From this we see that

$$\begin{aligned} \sum _{\begin{array}{c} |D_1D_2|\leqslant x \\ \eta |D_2 \end{array}}n(D_2)\sim \sum _{|D_2|\leqslant x}\beta \frac{n(D_2)x}{\zeta (2)|D_2|}\sim \Theta \beta \frac{x\log {x}}{\zeta (2)^2}, \end{aligned}$$
(3.7)

where the last estimate follows from partial summation and applying Theorem 2.1. Therefore, plugging (3.5), (3.6) and (3.7) into (3.4) shows that

$$\begin{aligned} \sum _{|D_1D_2|\leqslant x}\eta \sim (\Theta +\alpha -\Theta \beta )\frac{x\log {x}}{\zeta (2)^2}\cdot \end{aligned}$$

This together with (3.3) completes the proof. \(\square \)

Remark 3.1

We can give the following explanation of why Linowitz and Thompson’s Conjecture 1.3 was slightly off from the correct number: the result from Theorem 1.2 is not uniform in k for the choice of the \(p_k\) (we fix a set of primes beforehand), while the result from Theorem 2.1 is uniform in k satisfying \(p_k\leqslant (\log {x})^{\frac{1}{3}}\).
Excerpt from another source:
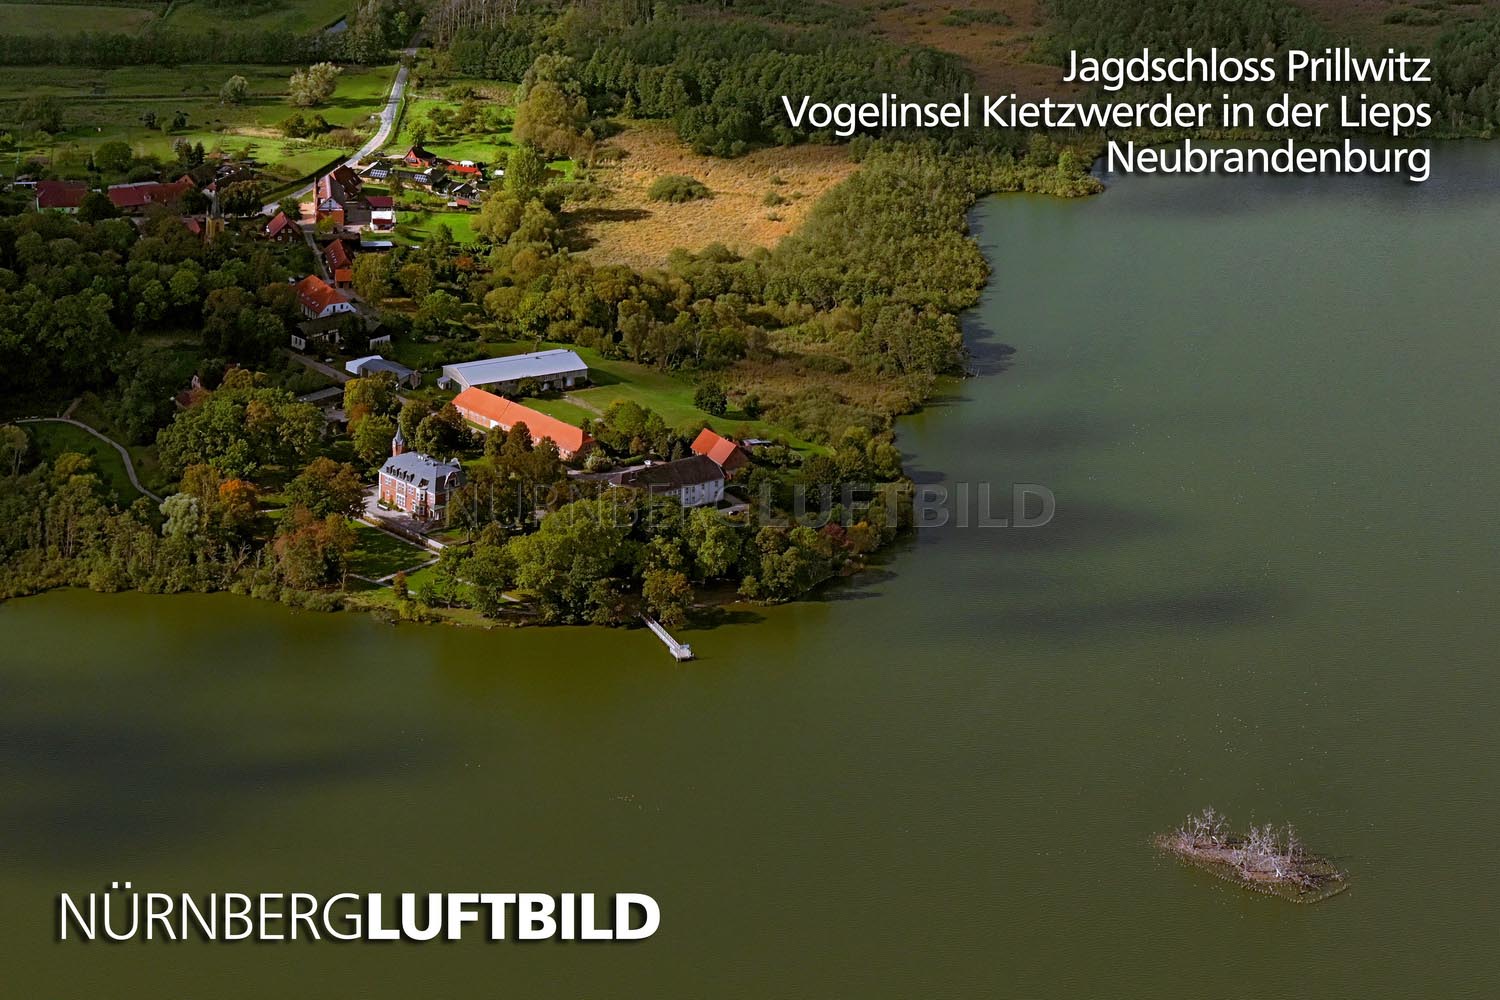 Jagdschloss Prillwitz, Vogelinsel Kietzwerder in der Lieps, Neubrandenburg

In order to make Linowitz and Thompson’s heuristic argument rigorous we would first need to show that Theorem 1.2 holds uniformly in k such that \(p_k\leqslant f(x)\) for some function f with \(f(x) \xrightarrow [x\rightarrow \infty ]{} \infty \). Then,

$$\begin{aligned} \frac{\sum _{|D_1D_2|\leqslant x}\eta (D_1,D_2)}{\sum _{|D_1D_2|\leqslant x} 1} =\sum _{p_k\leqslant f(x)}{}&p_k\, \text{ Prob }(\eta (D_1,D_2)=p_k) \\ {}&+ \sum _{p_k>f(x)}p_k\, \text{ Prob }(\eta (D_1,D_2)=p_k) \\ \xrightarrow [x\rightarrow \infty ]{}{}&\theta + \mu , \end{aligned}$$

where \(\theta \) is the conjectured constant (1.2) and

$$\begin{aligned} \mu =\lim _{x\rightarrow \infty } \sum _{p_k>f(x)}p_k\, \text{ Prob }(\eta (D_1,D_2)=p_k). \end{aligned}$$

Linowitz and Thompson conjectured that \(\mu =0\), but according to Theorem 1.4, \(\mu \) does make a small contribution.